▼
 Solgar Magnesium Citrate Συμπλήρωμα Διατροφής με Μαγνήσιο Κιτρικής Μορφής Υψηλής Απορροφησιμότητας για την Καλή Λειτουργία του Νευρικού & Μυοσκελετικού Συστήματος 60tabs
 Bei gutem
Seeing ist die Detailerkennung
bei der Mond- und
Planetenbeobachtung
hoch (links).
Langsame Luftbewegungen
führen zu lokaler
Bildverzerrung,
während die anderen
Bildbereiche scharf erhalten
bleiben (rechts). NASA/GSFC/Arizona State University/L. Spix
▲
▼
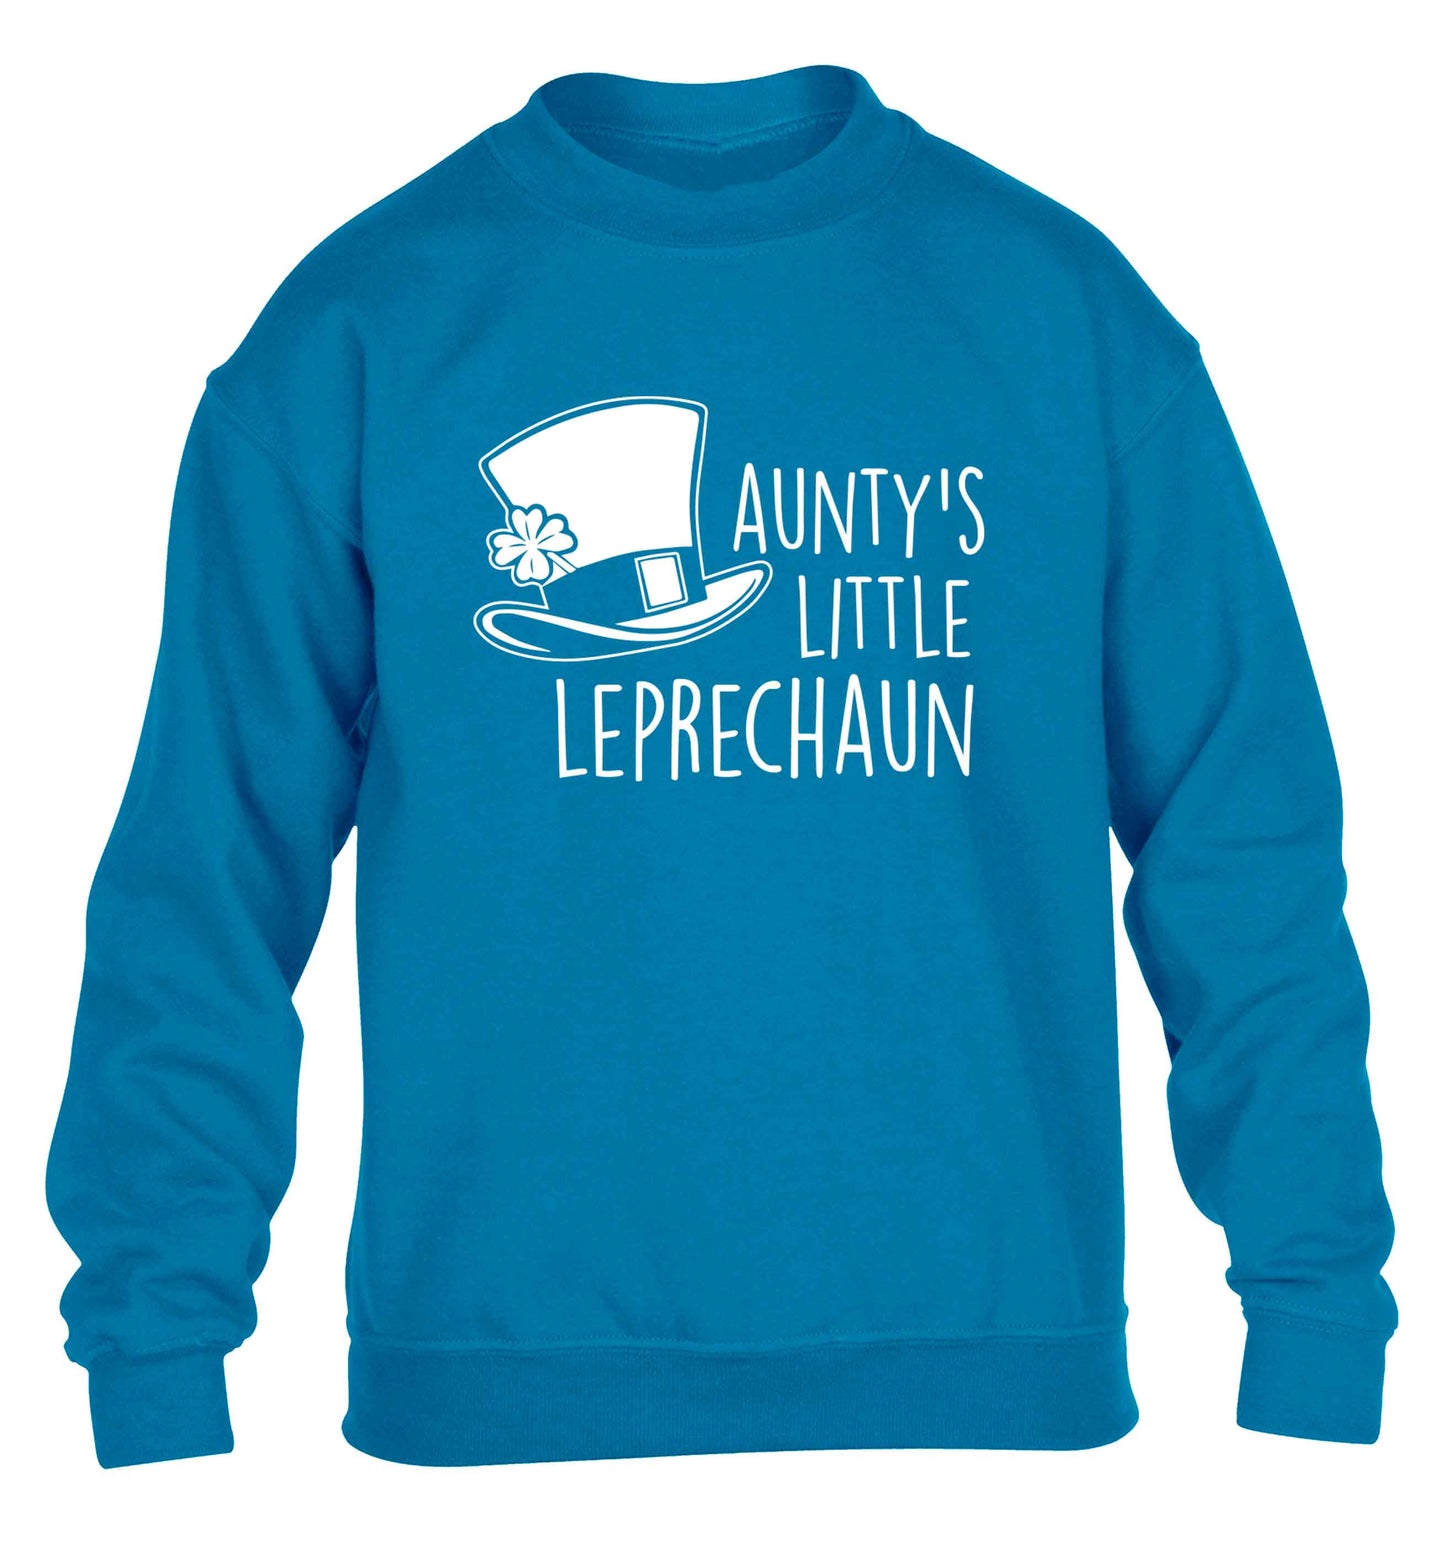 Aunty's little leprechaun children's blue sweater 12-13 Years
▲
▼
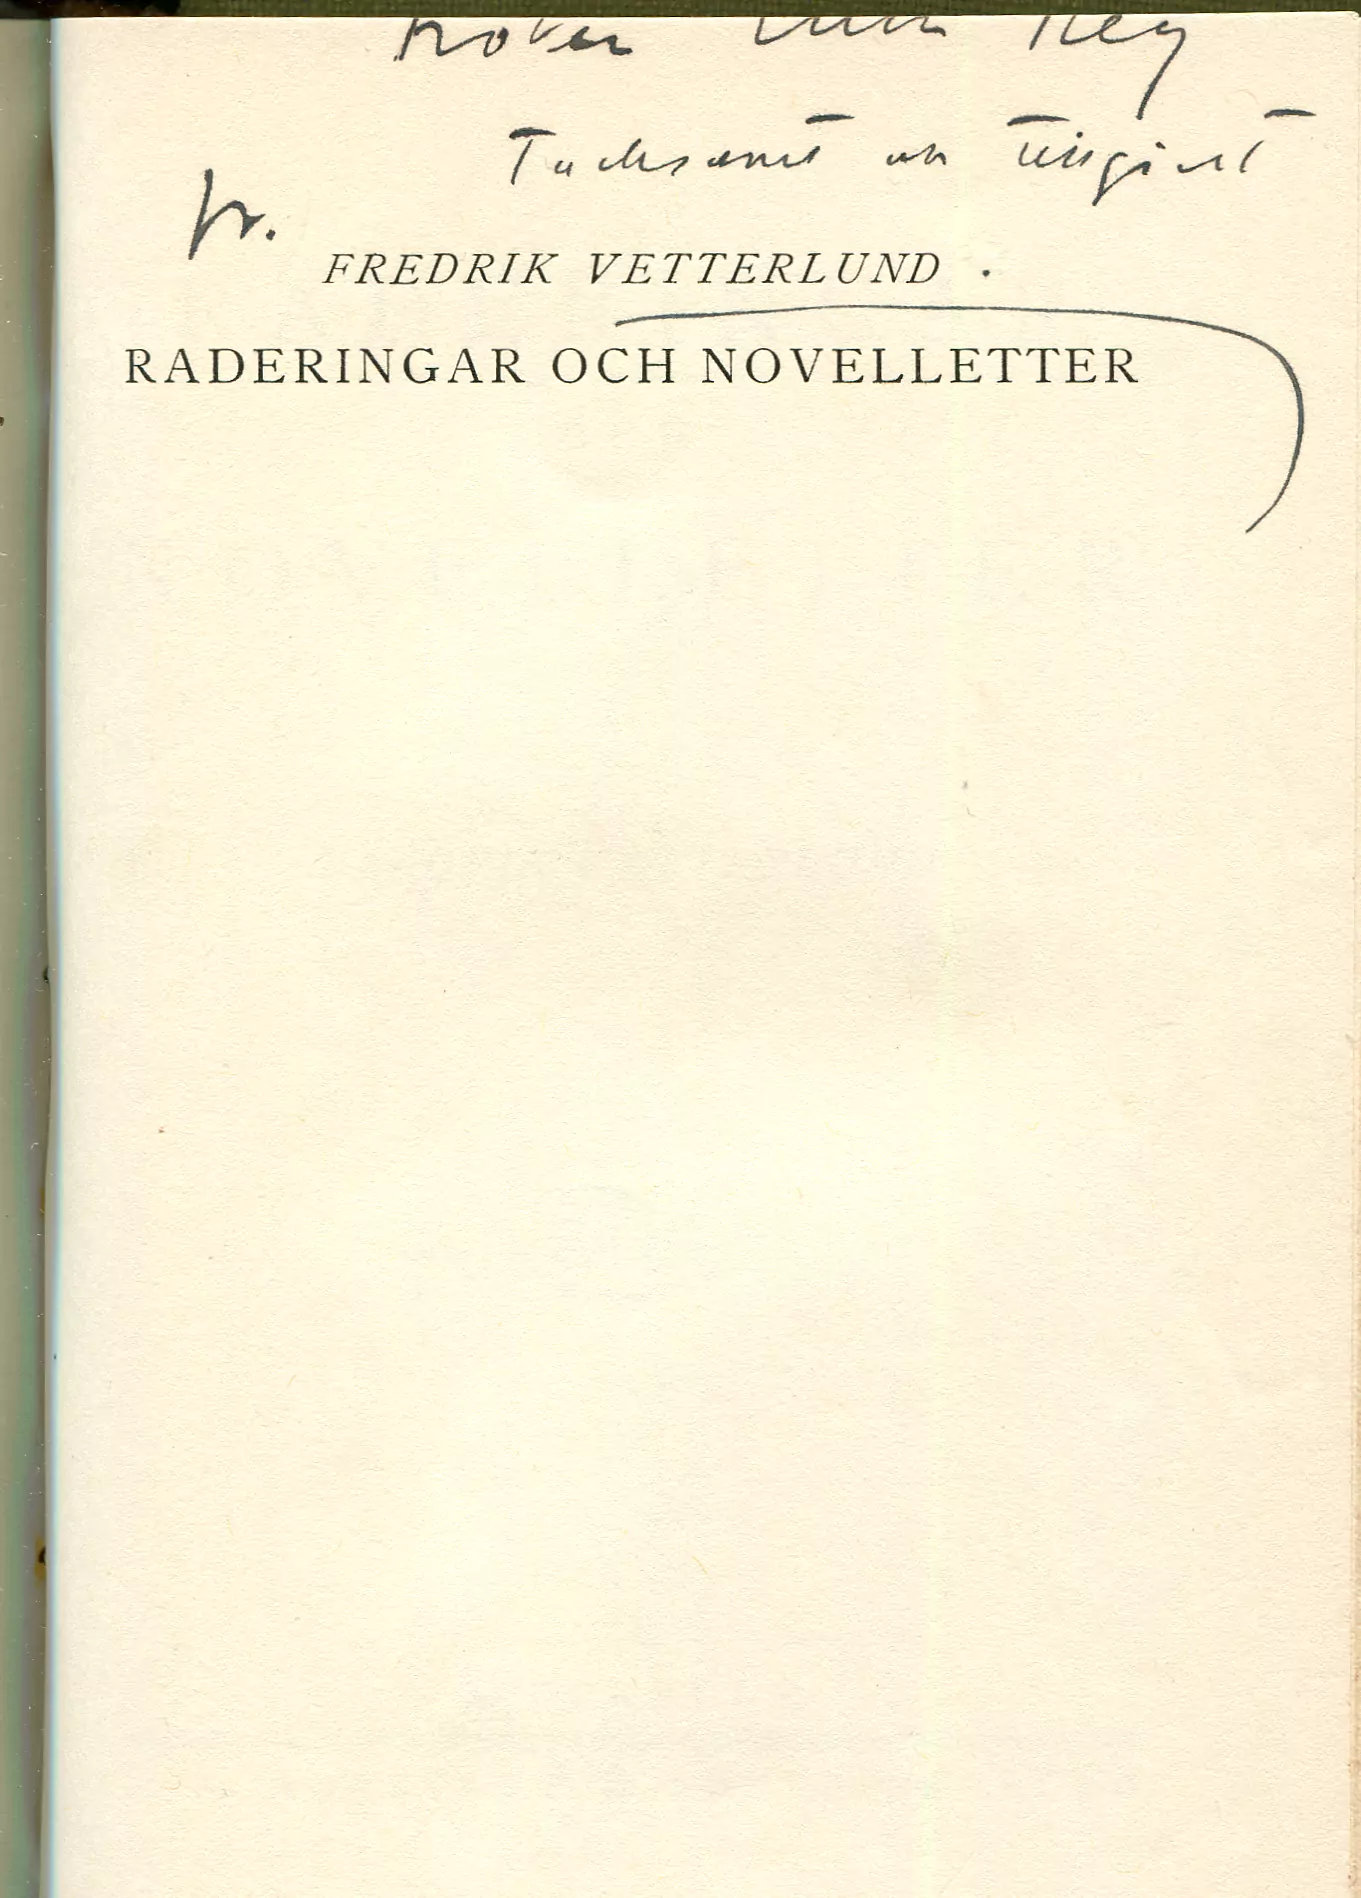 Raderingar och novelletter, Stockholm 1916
▲
#### [TASK ITEM]
Above this task is a listing. Restate, word for word and with nothing added, the lines from the one with "Solgar Magnesium Citrate Συμπλήρωμα" through the one with "bleiben (rechts). NASA/GSFC/Arizona".

#### [ANSWER AREA]
 Solgar Magnesium Citrate Συμπλήρωμα Διατροφής με Μαγνήσιο Κιτρικής Μορφής Υψηλής Απορροφησιμότητας για την Καλή Λειτουργία του Νευρικού & Μυοσκελετικού Συστήματος 60tabs
 Bei gutem
Seeing ist die Detailerkennung
bei der Mond- und
Planetenbeobachtung
hoch (links).
Langsame Luftbewegungen
führen zu lokaler
Bildverzerrung,
während die anderen
Bildbereiche scharf erhalten
bleiben (rechts). NASA/GSFC/Arizona State University/L. Spix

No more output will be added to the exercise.